Occasional meals or meal money provided to enable an employee to work overtime. However, the exclusion doesn’t apply to meal money figured on the basis of hours worked (for example, $2.00 per hour for each hour over 8 hours), or meals or meal money provided on a regular or routine basis.
Occasional parties or picnics for employees and their guests.
Employee.
For this exclusion, treat any recipient of a de minimis meal as an employee.
Employer-operated eating facility for employees.
The de minimis meals exclusion also applies to meals you provide at an employer-operated eating facility for employees if the annual revenue from the facility equals or exceeds the direct operating costs of the facility. Direct operating costs include the cost of food, beverages, and labor costs (including employment taxes) of employees whose services relating to the facility are performed primarily on the premises of the eating facility. Therefore, for example, the labor costs attributable to cooks, waiters, and waitresses are included in direct operating costs, but the labor cost attributable to a manager of an eating facility whose services aren’t primarily performed on the premises of the eating facility aren’t included in direct operating costs.

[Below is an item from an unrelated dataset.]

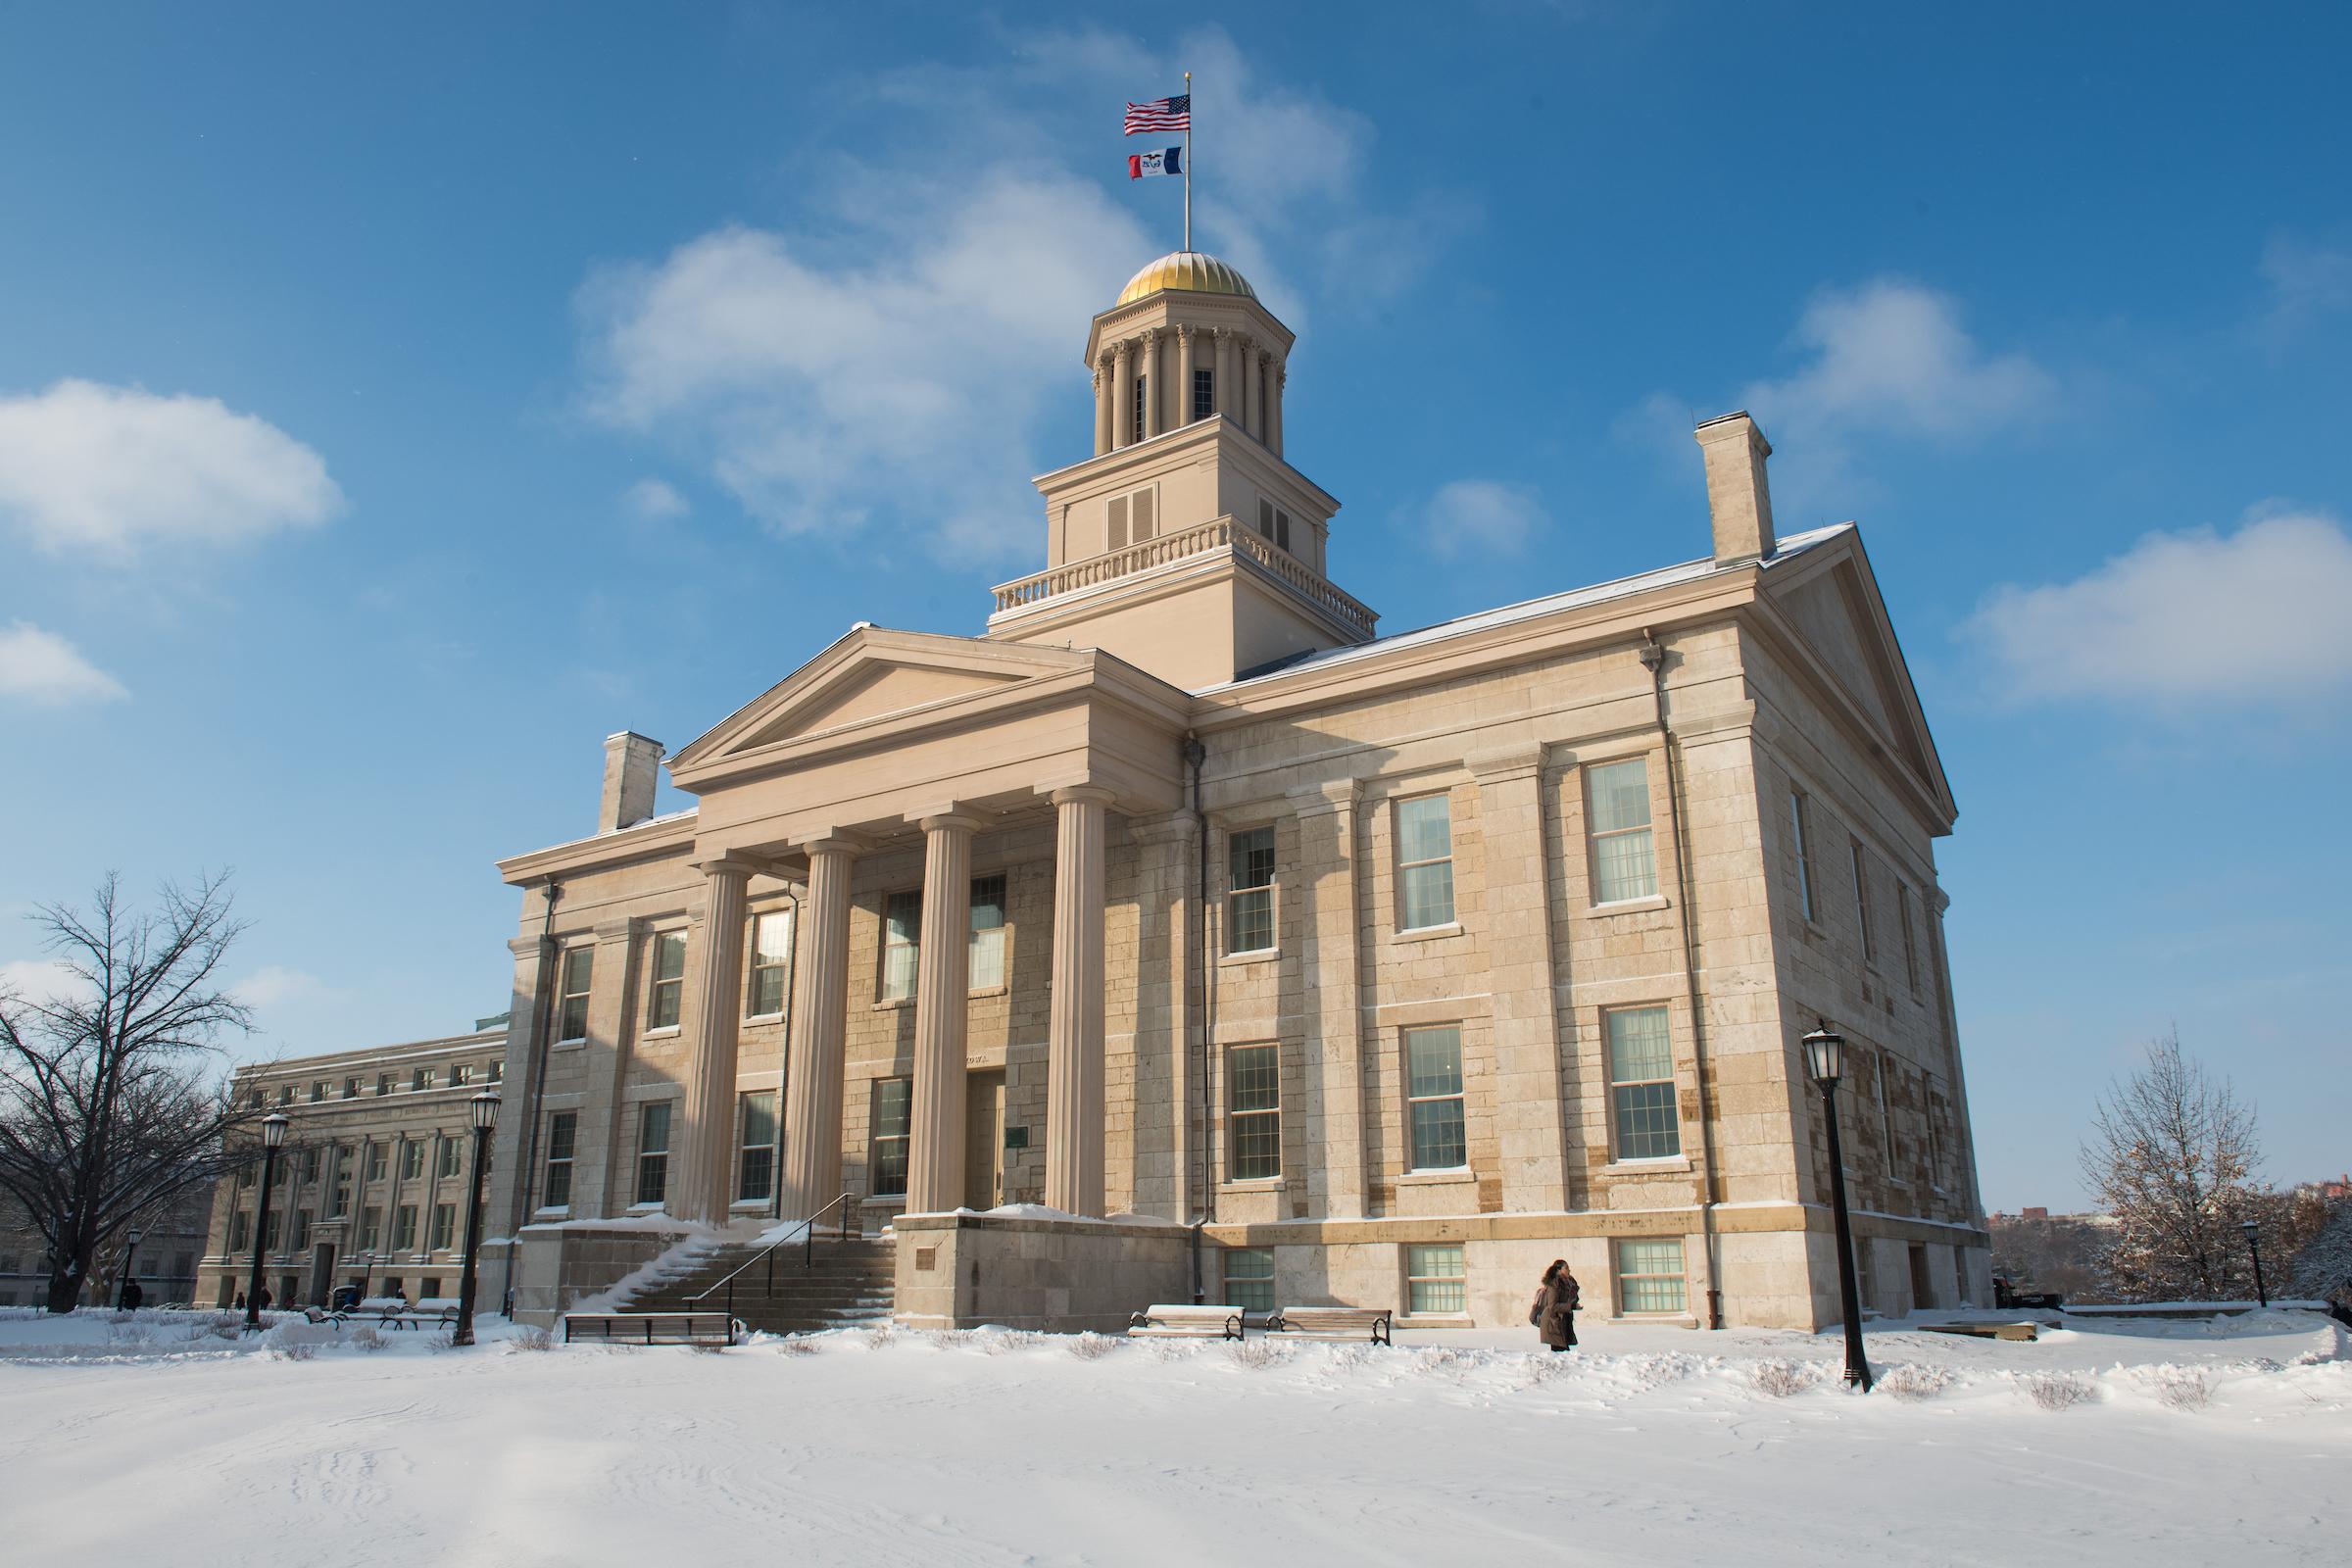 fesh snow old capitol

For this purpose, your revenue from providing a meal is considered equal to the facility’s direct operating costs to provide that meal if its value can be excluded from an employee’s wages as explained under Meals on Your Business Premises , later. If you provide free or discounted meals to volunteers at a hospital and you can reasonably determine the number of meals you provide, then you may disregard these costs and revenues. If you charge nonemployees a greater amount than employees, then you must disregard all costs and revenues attributable to these nonemployees.

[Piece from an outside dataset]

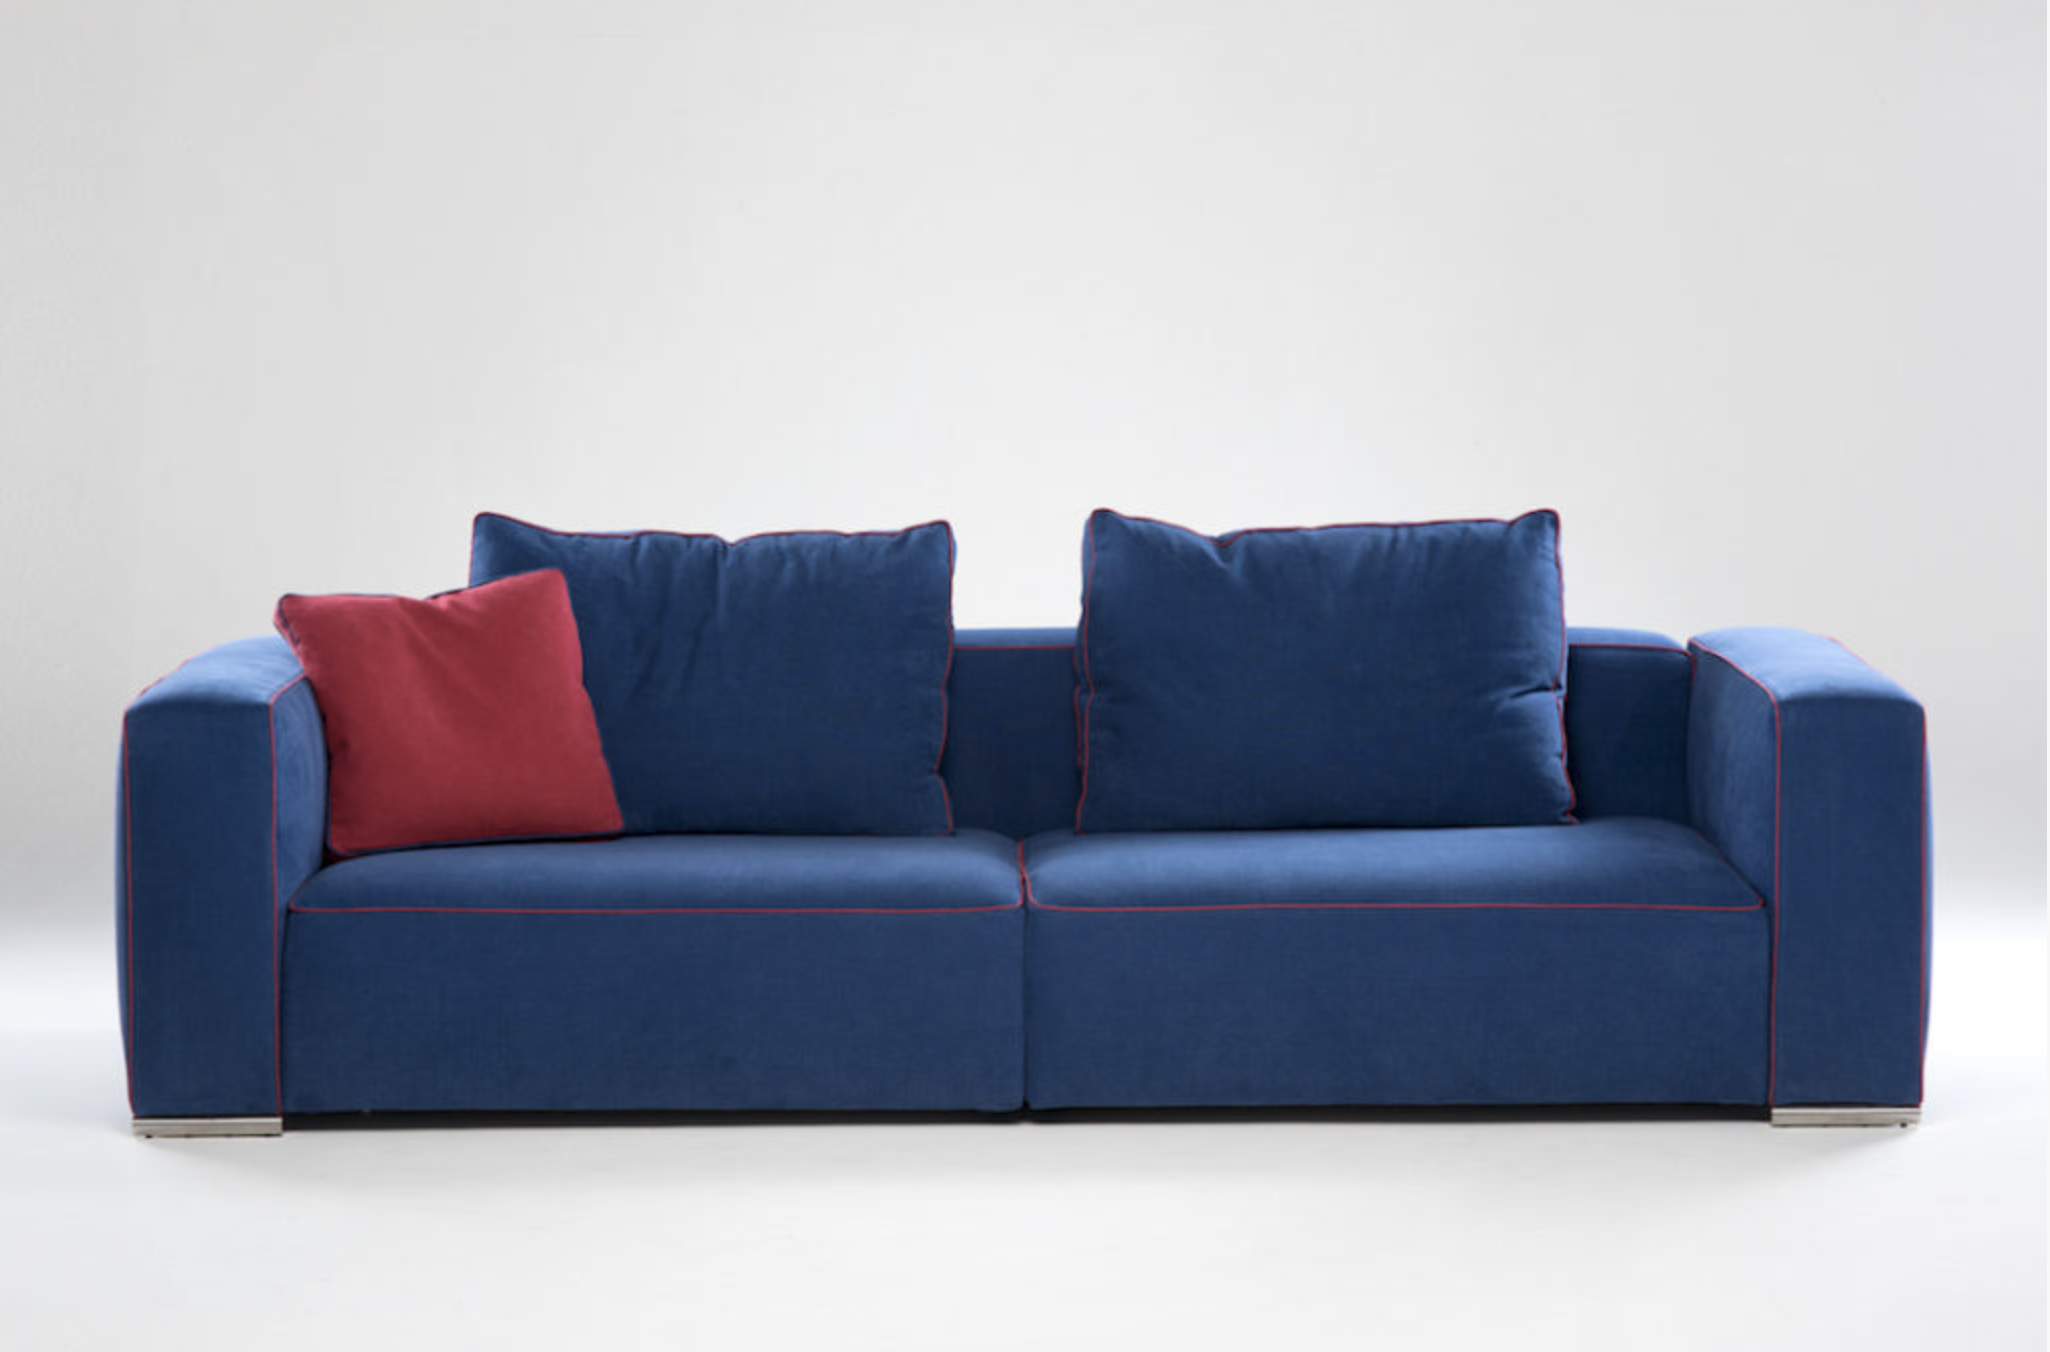 Sof 224 Italian Modern Sofa Tailor Made

An employer-operated eating facility for employees is an eating facility that meets all the following conditions.
You own or lease the facility.
You operate the facility. You’re considered to operate the eating facility if you have a contract with another to operate it.
The facility is on or near your business premises.
You provide meals (food, drinks, and related services) at the facility during, or immediately before or after, the employee’s workday.
Exclusion from wages.
You can generally exclude the value of de minimis meals you provide to an employee from the employee’s wages.
Exception for highly compensated employees.
You can’t exclude from the wages of a highly compensated employee the value of a meal provided at an employer-operated eating facility that isn’t available on the same terms to one of the following groups.
All of your employees.
A group of employees defined under a reasonable classification you set up that doesn’t favor highly compensated employees.
For this exclusion, a highly compensated employee for 2020 is an employee who meets either of the following tests.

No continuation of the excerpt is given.